Crónica de José Caria Luís
Mesmo não entrando em política – porque não é o meu forte –, não deixo de constatar o que no rescaldo das Autárquicas, os municípios de Miranda do Douro (mirandês) e do Cartaxo (cartaxês) têm em comum. Além dos dialetos – fantasia minha –, a particularidade política de terem elegido os seus dois candidatos sob o signo da mesma bandeira, a do PPD/PSD, a diferença está no facto de a transmontana Helena Barril ter usado o CDS-PP como muleta, coisa de que o João Heitor não precisou, tendo, por isso, de se desenrascar sozinho. Mas, curiosamente, bem vistas as coisas, ao contrário do que seria suposto, o apelido “Barril” assentaria melhor no vinícola município do Cartaxo, digo eu.
Mas, deixando-me de política e de vinícola, vou prosseguindo na saga linguística de raiz popular do meu concelho. Para tal, recordar aquele conterrâneo que, na década de 70, tendo comprado um carrito já um bocado usado e abusado, não se conformava com as deficiências que vinha detetando na máquina. O Zé, que só agora tinha passado a afetivo na fábrica, achou que tinha condições para dar o passo, mas mal sabia o que o esperava. Os três principais problemas tinham a ver com o facto de o vendedor não o ter elucidado das necessidades que o carro tinha para poder andar. Para grande desconsolo do amigo Zé, além do bruto consumo de combustível logo nos primeiros quilómetros, o bólide ainda bebia óleo e água, coisa a que o Zé era avesso. Sem garagem nem qualquer outro modo de esconder a desgraçados olhares da praguenta e enciumada vizinhança, de cada vez que pretendia pôr o motor a trabalhar logo era espiado por todas aquelas cabeçorras que brotavam dos postigos, quais abutres a fitar a presa. Uma vez, já o Zé ia na enésima tentativa, quando passou um fulano, o Atónhe, que há muito tinha carro, que se predispôs a dar uma mãozinha.

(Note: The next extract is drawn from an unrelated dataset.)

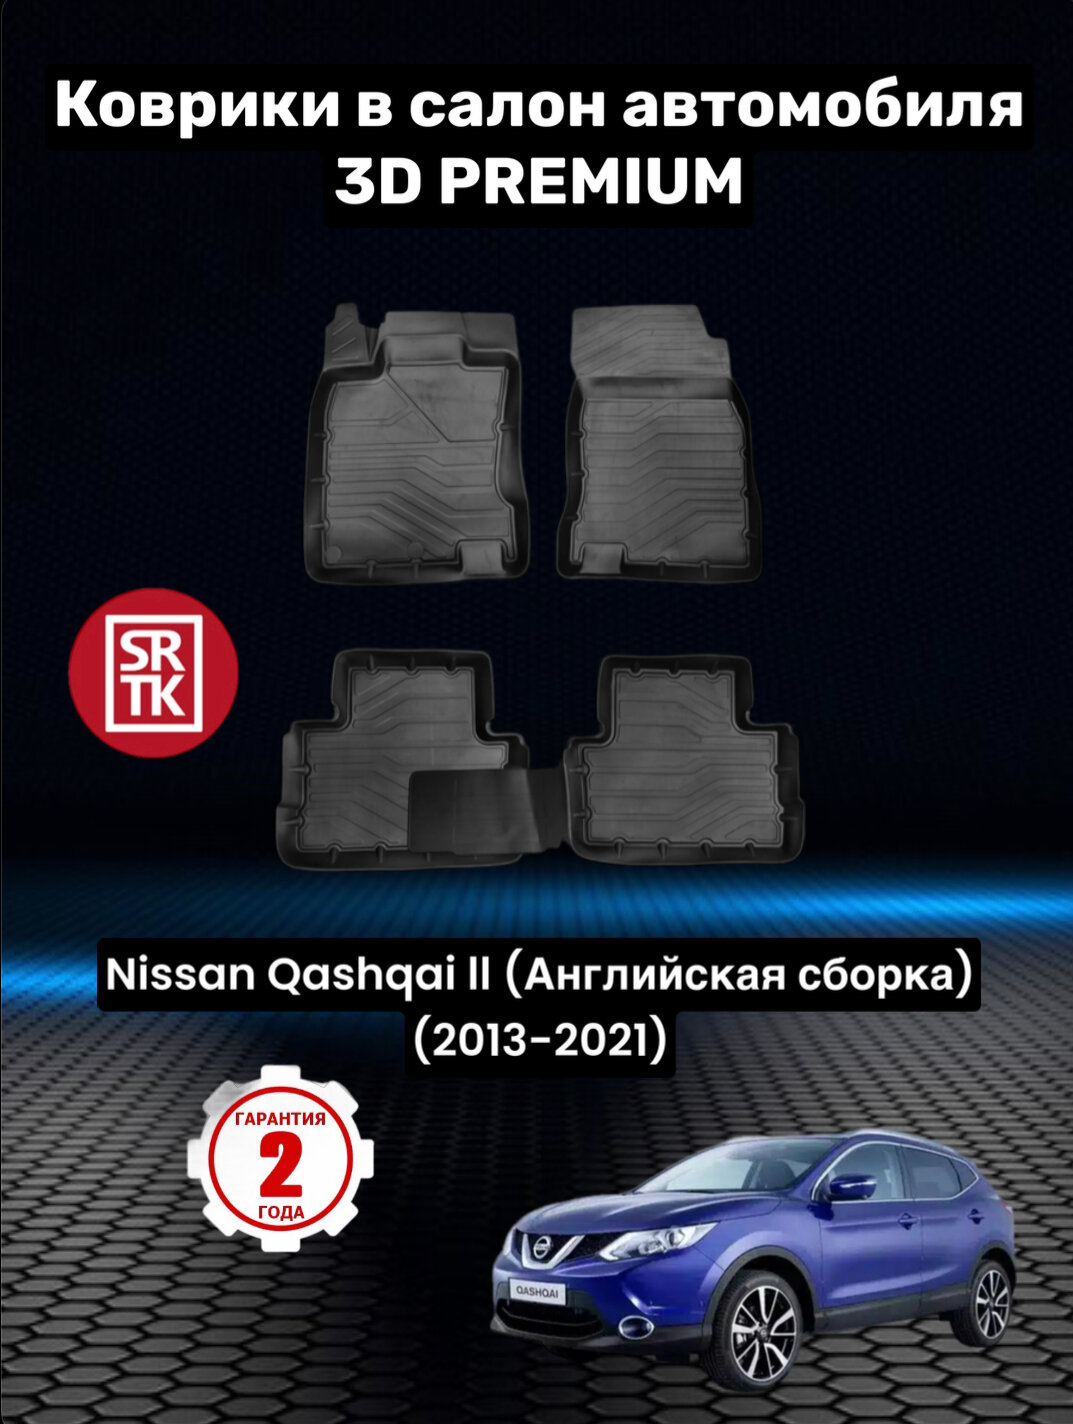 Коврики резиновые в салон для Ниссан Кашкай 2 англ. сборка / Nissan Qashqai II (2013-2021) 3D PREMIUM SRTK (Саранск) комплект в салон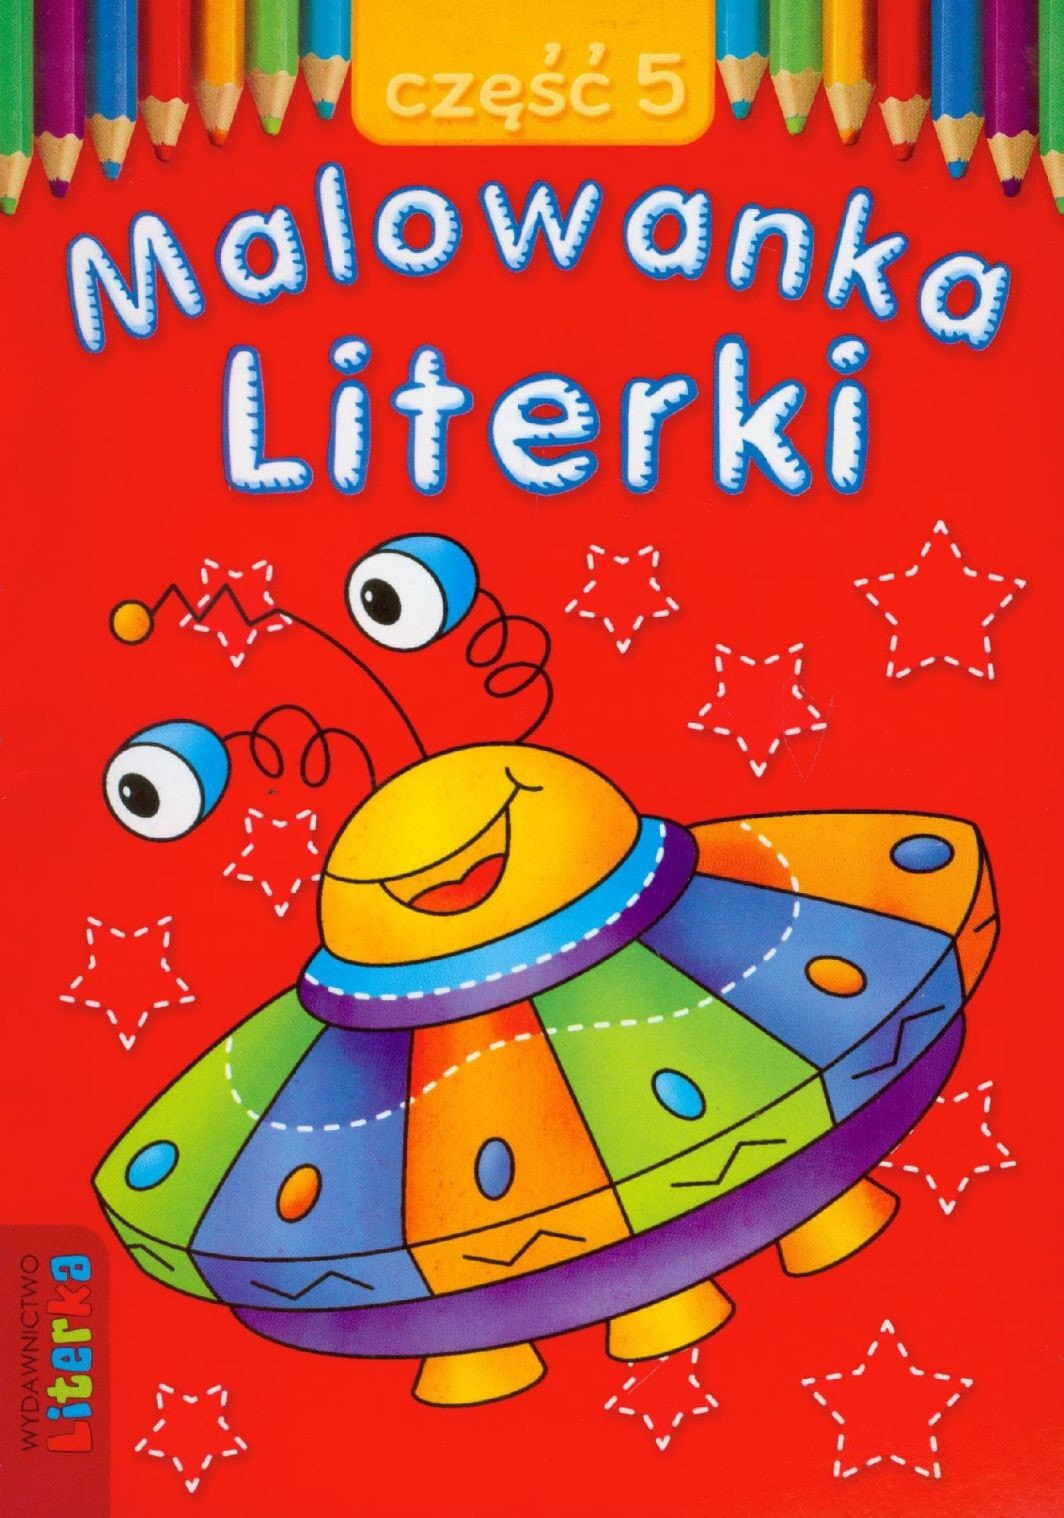 Раскраска для рисования Literka Malowanka - Literki cz. 5

– Ó Zé, abre lá o capot! Vamos lá ver o que se passa! Então, não tens água no radiador, o óleo do motor está abaixo do mínimo… E gasolina, ainda tem? Isto assim não funciona, pá! – e prosseguindo: – O meu já tem algumas coisas altemáticas, mas este ainda não. Ora, traz-me aí um pisca-polos e um broquim! – ao que o Zé respondeu: -O que é isso? Acho que não tenho!… Nem uma coisa nem outra. – ainda hoje, estou para saber para que queria o Atónhe o berbequim, se não para destruir o carro. Este, que já vinha atrasado para o almoço em família, e perante a inoperacionalidade e ignorância do Zé, desculpou-se e rematou: – Gostava de te ajudar, mas perdi muito tempo no aviário de porcos do engenheiro Cambournac, e como tenho o pessoal à espera para almoçar, hoje é pirum, tenho que ir embora.
Entretanto, o Zé, que tinha que ir a casa do galinheiro, junto à nora do Zabrigador, levantar a encomenda de um galináceo, ficou-se por casa, esperando que escurecesse para sair de fininho, fora da vista das vizinhas agoirentas. Ele só não gostava muito de andar a pé à noite, fora do povoado, por receio dos belizómetos que, segundo diziam, andavam por lá pelos cruzamentos, disfarçados de burros, atormentando as pessoas de bem e zurrando gineras.
Agora, era hora de encerrar o capítulo e a noite.
*Artigo publicado na edição de outubro do Jornal de Cá.